Child Exploitation

Opening quote: Since the passage of the Child Protection Act of 1984, Postal Inspectors have conducted 4,474 child exploitation investigations, resulting in the arrests of 3,711 individuals who used the mail in violation of federal child exploitation laws.

Child pornography and the sexual exploitation of children are tragic, heart-rending crimes that plague law enforcement agencies worldwide. Child pornographers who assume (incorrectly) the U.S. Mail will provide a safe, reliable, and anonymous vehicle for exchanging such material are aggressively targeted by U.S. Postal Inspectors, regarded internationally as leaders in the fight against child exploitation.

In keeping with this reputation, the Chief Postal Inspector was offered and accepted a seat on the National Center for Missing and Exploited Children's (NCMEC's) Board of Directors in FY 2002. The Postal Inspection Service has developed strong, cooperative relations with the NCMEC over the years, and it is expected that representation on its board will foster an even more effective partnership through mutual, coordinated efforts to protect children from sexual abuse and exploitation. NCMEC Cyber Tipline reports are reviewed at Inspection Service National Headquarters and forwarded to field Inspectors who are child exploitation specialists for investigation or referral, as appropriate, and an Inspector is assigned full-time to the NCMEC.

The Postal Inspection Service is an active member of the Attorney General's Federal Agency Task Force on Missing and Exploited Children and participates on the Attorney General's Advisory Committee Working Group on Child Exploitation. A Postal Inspector is assigned full-time to the FBI's Innocent Images Task Force, a national initiative based in Calverton, Maryland, and Inspectors work closely with federally funded Internet Crimes Against Children Task Forces strategically located across the country.

The exchange of child pornography by mail is often accompanied by communication over the Internet. Child molesters and pornographers often use the Internet to seek potential victims, communicate with like-minded individuals and locate sources of child pornography.
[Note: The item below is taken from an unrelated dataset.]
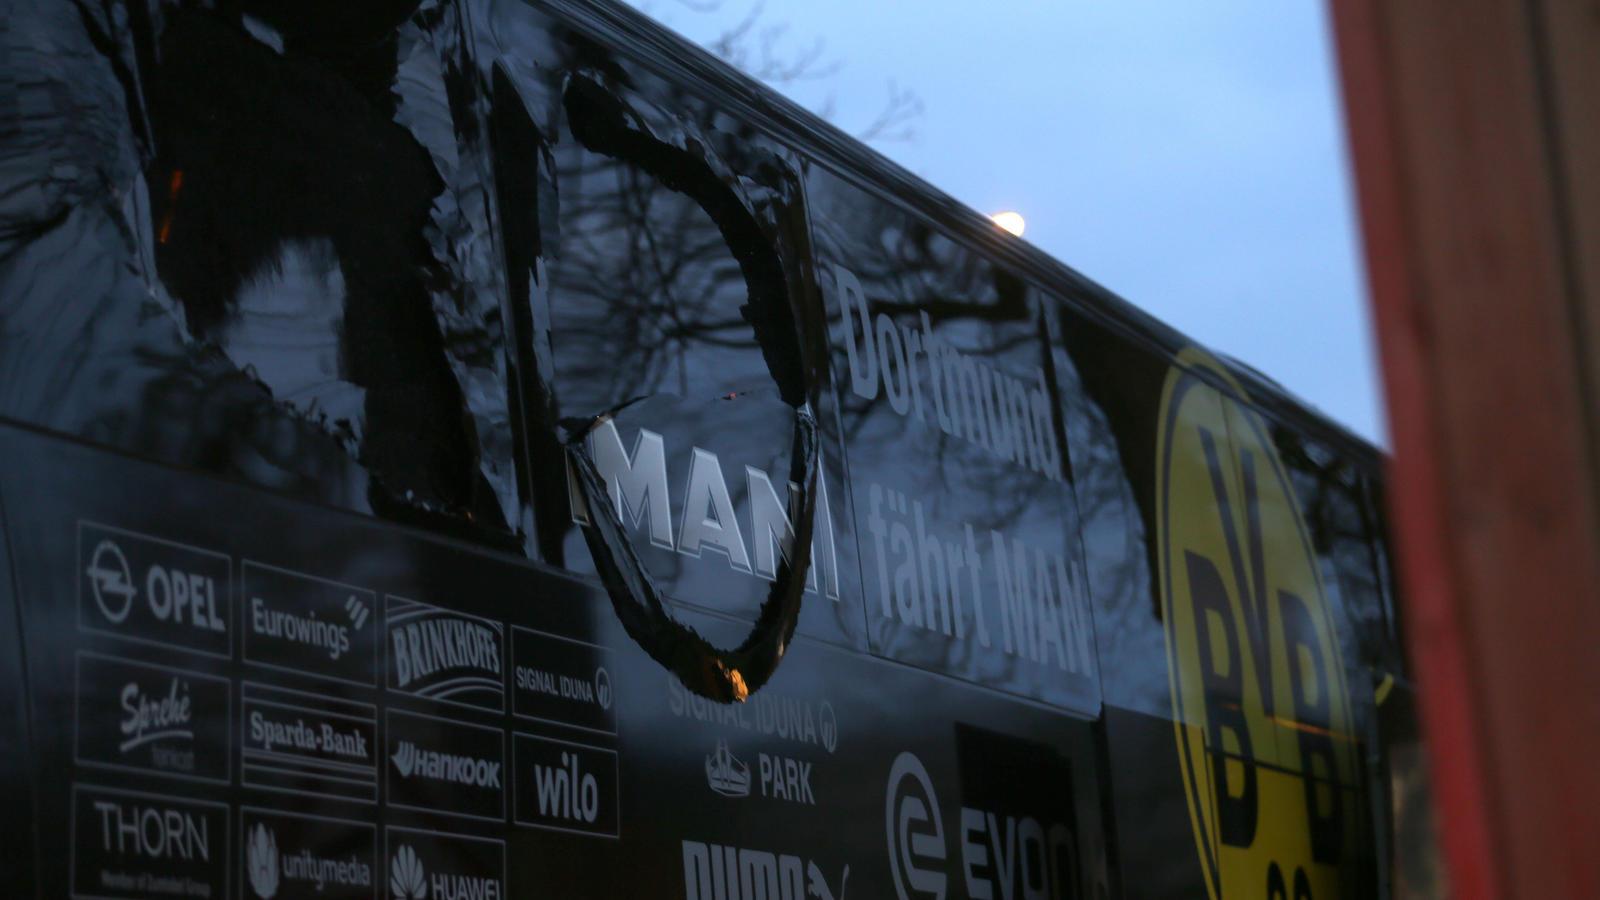 Bombenanschlag Bvb Bus

Over the past several years, there has been an increase in unlawful computer transmissions and Internet ads for child pornography, which occur hand-in-hand with the trafficking of child pornography videotapes and computer disks through the mail. In FY 2002, 60 percent of child exploitation cases investigated by Postal Inspectors involved computers, as well as postal violations. Since the passage of the Child Protection Act of 1984, Postal Inspectors have conducted 4,474 such investigations, resulting in the arrests of 3,711 individuals who used the mail in violation of federal child exploitation laws.

In addition to a tie-in with Internet transactions, Postal Inspectors have long seen a correlation between child molesters and those who sell, purchase, and trade child pornography. In 1997, Postal Inspectors first began compiling statistics in these areas:

In FY 2002, Postal Inspectors arrested 249 individuals for child sexual exploitation offenses and reported 256 convictions in such cases from this and prior fiscal years. Incident to a search of a suspect's property, Postal Inspectors often find evidence that the target of the investigation is also a child molester. As a result of Inspectors' casework this past fiscal year, 93 child molesters were identified and 96 child victims saved from further abuse. Examples of such cases investigated by Postal Inspectors in FY 2002 follow.

Quote: "The U.S. Postal Inspection Service provides an important role in tracking sexual predators, because child pornographers often use the mail to purchase obscene materials off the Internet. In Operation Avalanche, Postal Inspectors created an undercover Web site which they used to bring down what is believed to be the largest commercial child pornography enterprise ever encountered by law enforcement authorities in the United States. They started in Texas; it ended in Texas--because of the hard work of the Postal Inspectors, the good work of prosecutors, and the sentencing of one tough federal judge." --President George W. Bush, from his speech "Remarks by the President on Children's Online Safety"

Quote: The U.S. Postal Inspection Service was presented with the National Exploited Children's Award for Operation Avalanche, a two-year investigation that successfully brought down a husband-and-wife team who operated a multimillion-dollar company offering Web sites for child pornography. The principal operator received an unprecedented lifetime sentence in federal prison, and more than 120 others related to the enterprise were arrested across the country. A Postal Inspector from the Tampa Field Office of the Florida Division also received a National Missing Children's Award for her safe recovery of Lindsay Shamrock, a teenaged girl who was lured via the Internet and the U.S. Mail from her home in Mulberry, Florida, to Greece by a German national, who was arrested and charged with cild abduction and exploitation of a minor.